Sorting and Removing Duplicates

Excel provides standard capabilities for sorting and eliminating duplicates. These can be accessed by Data > Sort & Filter|Sort and Data > Data Tools|Remove Duplicates. See Sorting and Filtering for more details.

Sorting functions have only been provided in the most recent releases of Excel (see Sorting and Filtering Functions). For earlier versions of Excel, sorting using Excel functions is possible using a little ingenuity, as described in Sorting using Excel Formulas.

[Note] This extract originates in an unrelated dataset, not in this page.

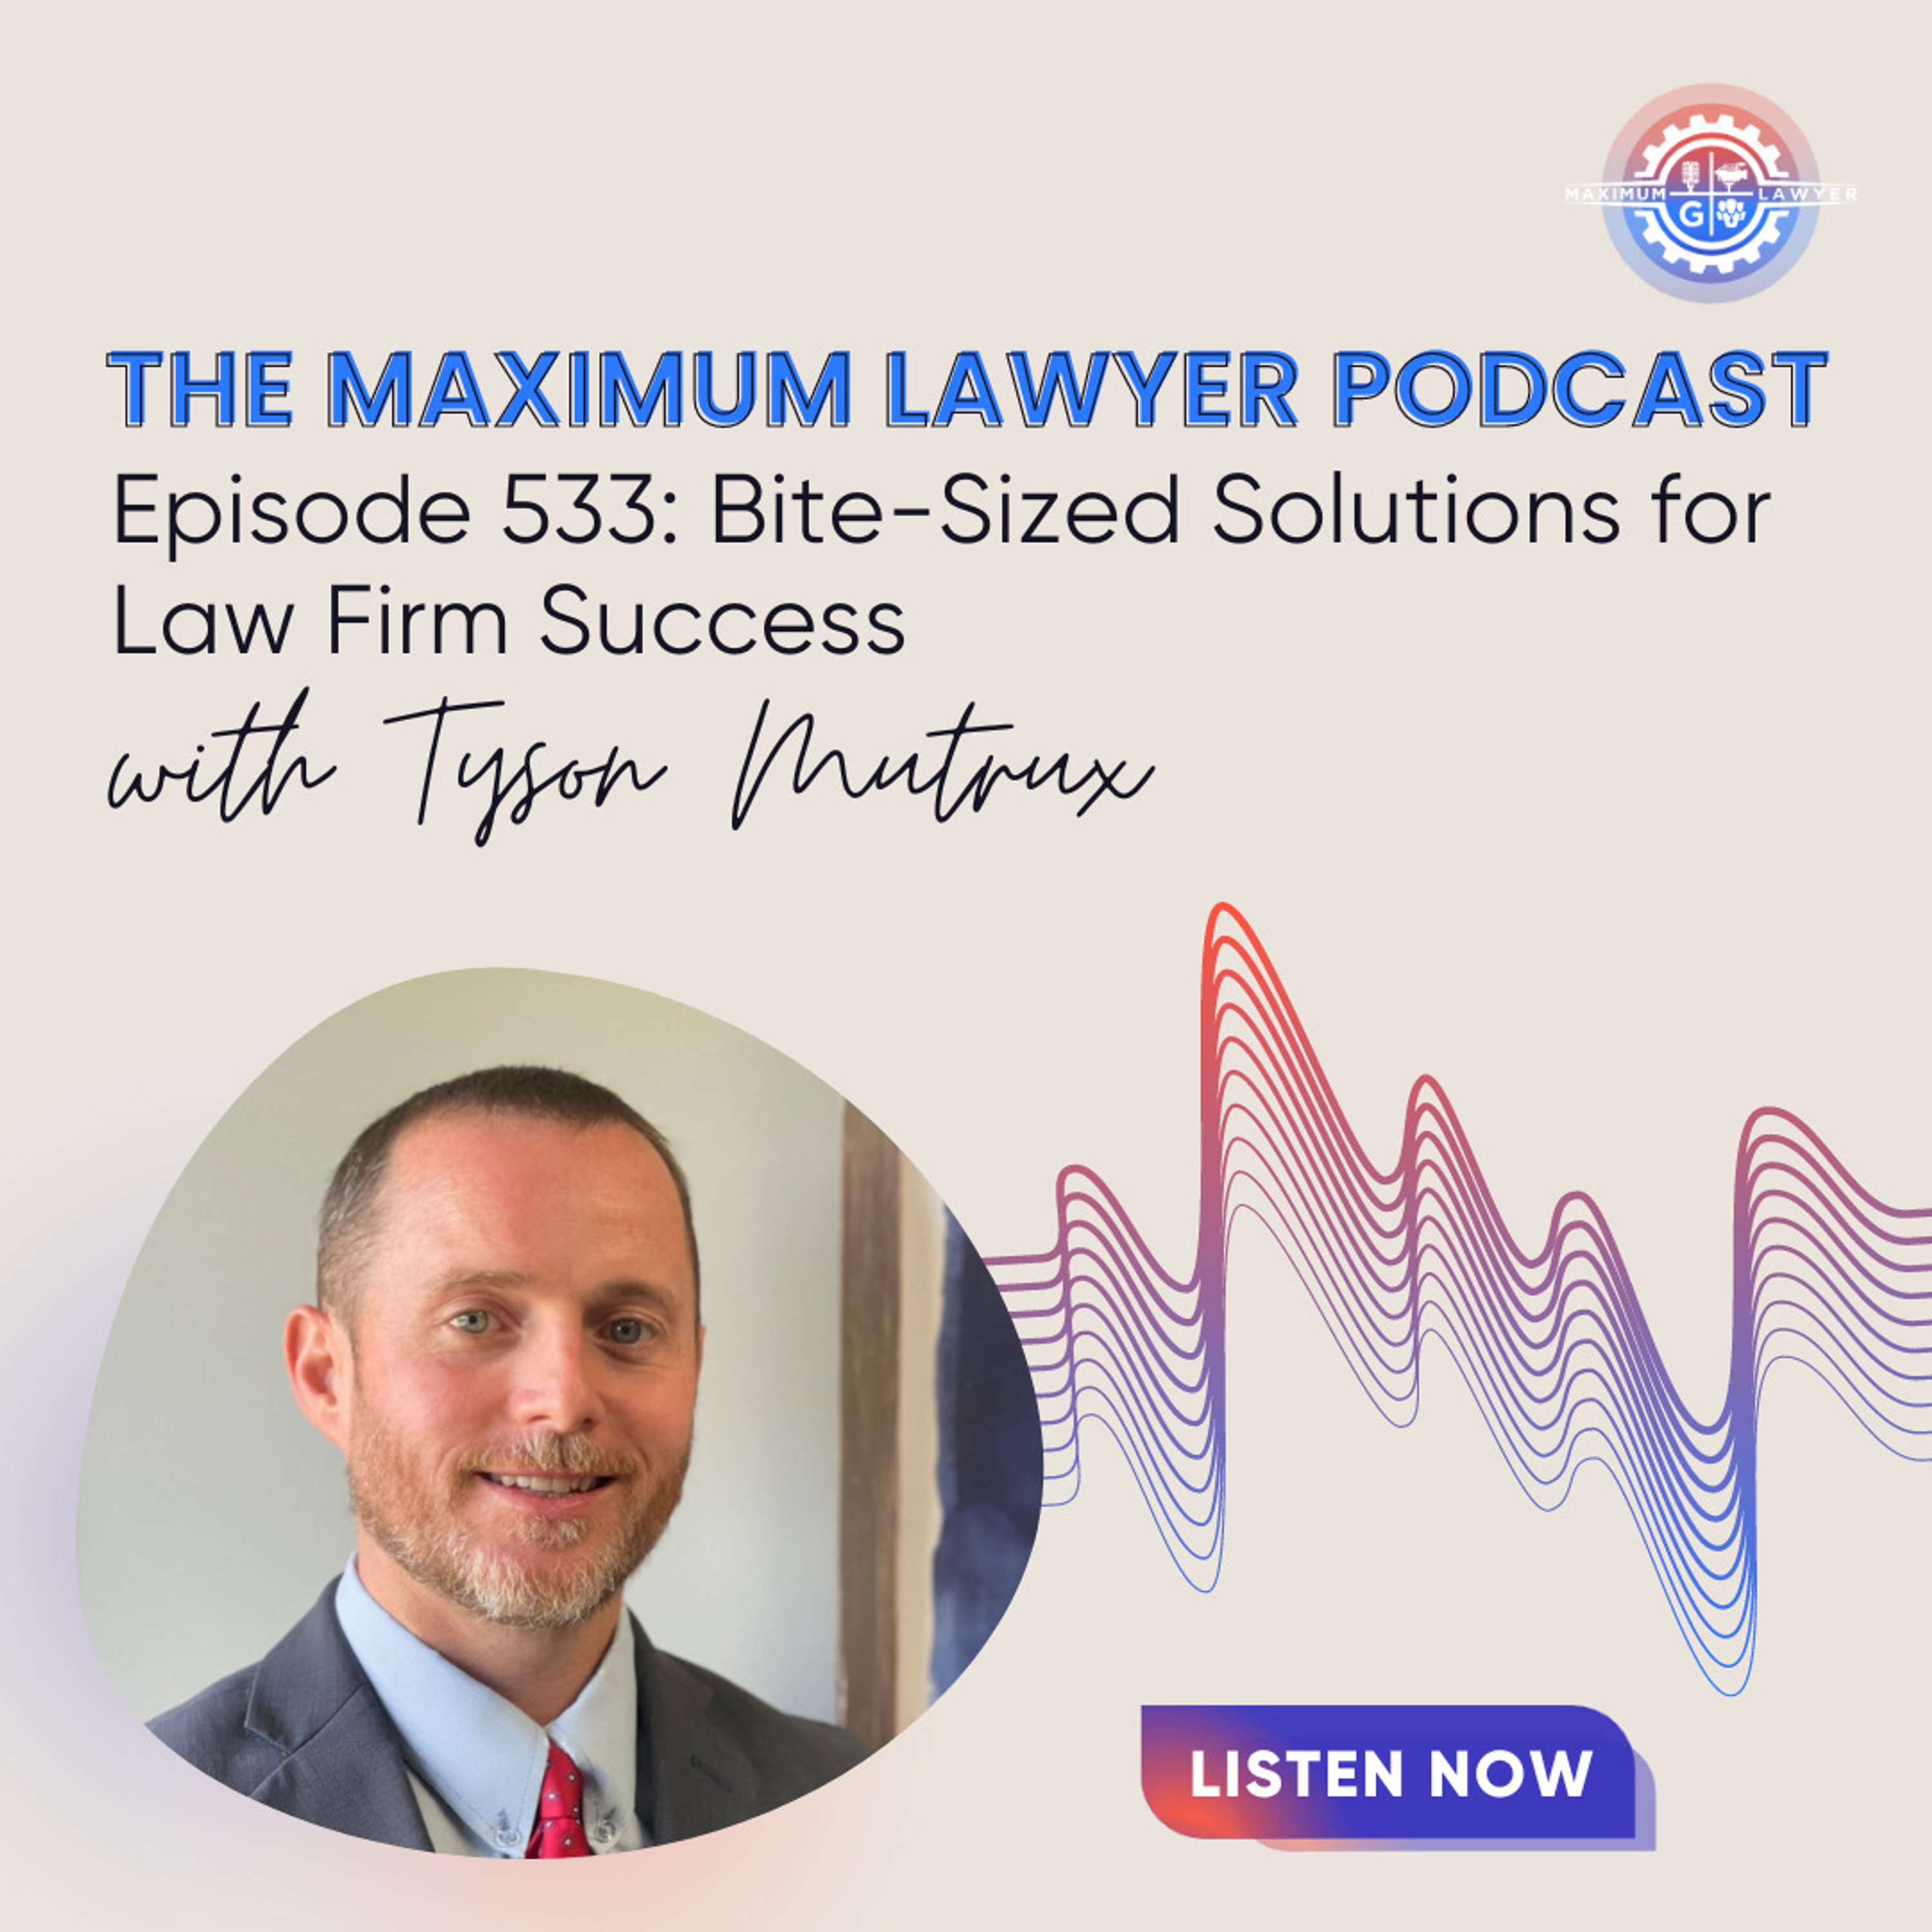 Bite-Sized Solutions for Law Firm Success

The Real Statistics Resource Pack provides a number of sorting functions available for all releases of Excel. We describe these capabilities on this webpage. These capabilities can also be accessed via Real Statistics data analysis tools.

Worksheet Functions

Real Statistics Functions: The following array functions contained in the Real Statistics Resource Pack can be helpful in sorting data and removing duplicates.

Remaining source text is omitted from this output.